In my last post, where I analyzed the problems caused by memory fragmentation on a Linux server, I said very little about memory fragmentation itself. I wanted to tell a story, so I had to dial down the technical stuff. But now that the story is told, I figured I should make a more technical post on the subject. I think it might be useful for many Linux DBAs or SAs, since there is not enough awareness of this problem within the Linux community. So if your system is experiencing cryptic performance and stability issues, keep reading, your problem may well be stemming from memory fragmentation.
Some basic definitions
Virtual memory (VM) — Linux is using Virtual memory to go beyond the actual physical capacity (using swap partition) and to make sharing of memory between processes more simple, safe and secure. Physical memory addresses are mapped to virtual addresses, which means that virtual memory can “hide” memory fragmentation and produce a contiguous range of virtual addresses without physically moving the contents of the memory pages
Page is a unit of virtual memory (4kB)
Physical memory — while user space allocations can only use the virtual memory, kernel allocations may still require on contiguous chunks of physical memory
Zone is the way physical memory is organized due to limited ability of some devices to access the address space. For 64-bit architecture, there’s a small DMA zone, and then the rest falls on DMA32 (basically, the first 4GB) and the normal zone (everything else). On a NUMA system, each NUMA node will have such zones.
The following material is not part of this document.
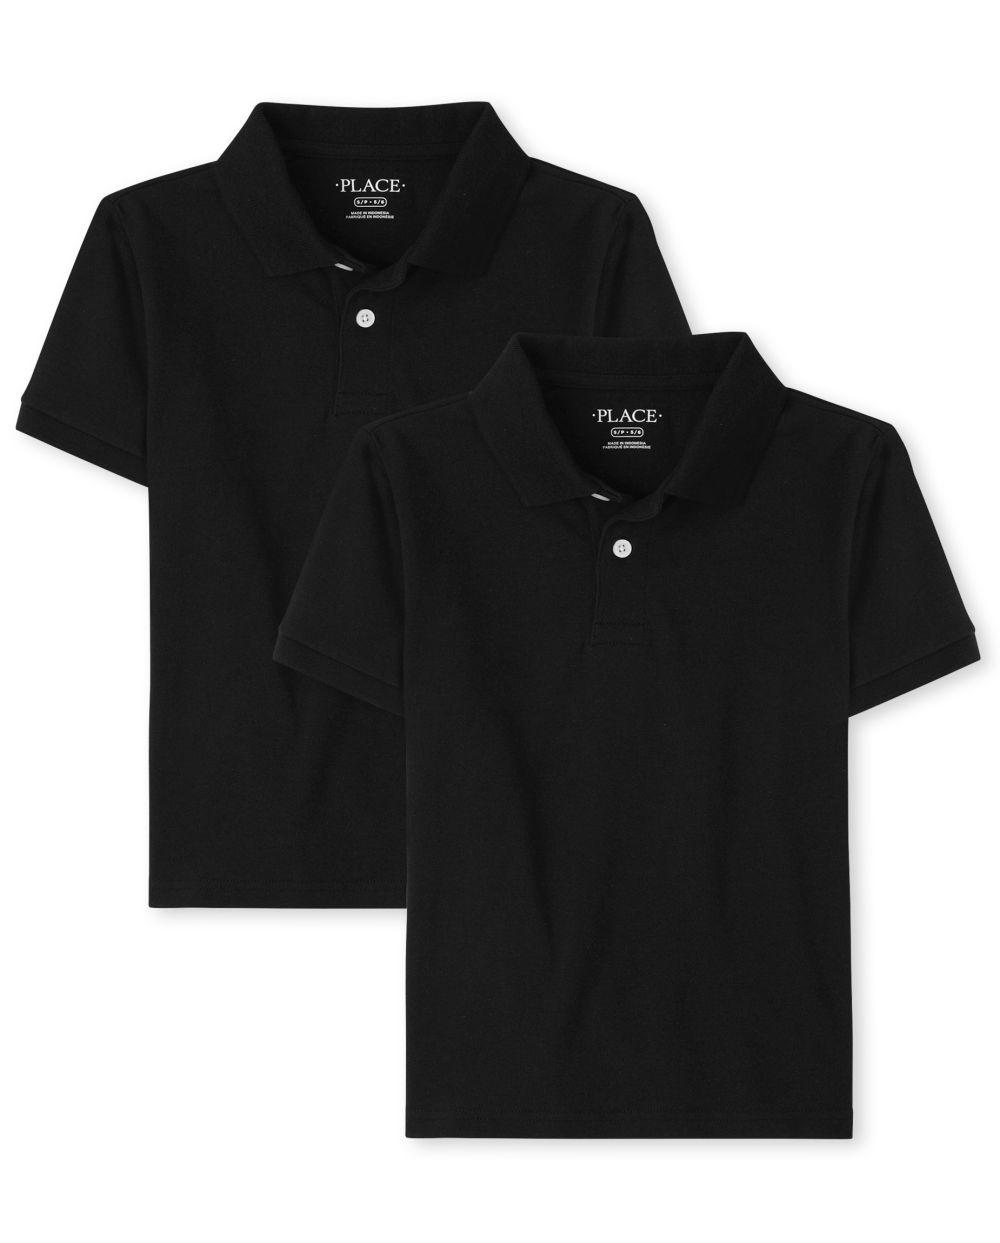 Boys Uniform Pique Polo 2-Pack

Buddy allocator is a system designed to tackle some fragmentation issues. Its essence is organizing available pages in powers of 2, ranging from 0 to 10, to make it easier to allocate contiguous chunks and coalesce then back after usage
Allocation order is essentially the binary logarithm of the allocation size in pages. I.e. an order-5 allocation simply means an allocation of size 2^5=32 pages, or 128 kbytes
Page frame reclamation is the process that reclaims pages which are deemed ‘inactive’ by an internal algorithm based on their access patterns
Movable pages are those that can be migrated by changing their virtual-to-physical address mapping
Memory fragmentation is a condition when higher order allocations are bound to fail because there are no contiguous chunks of memory available of the necessary size
Compaction the process of reversing physical memory fragmentation (more about that below)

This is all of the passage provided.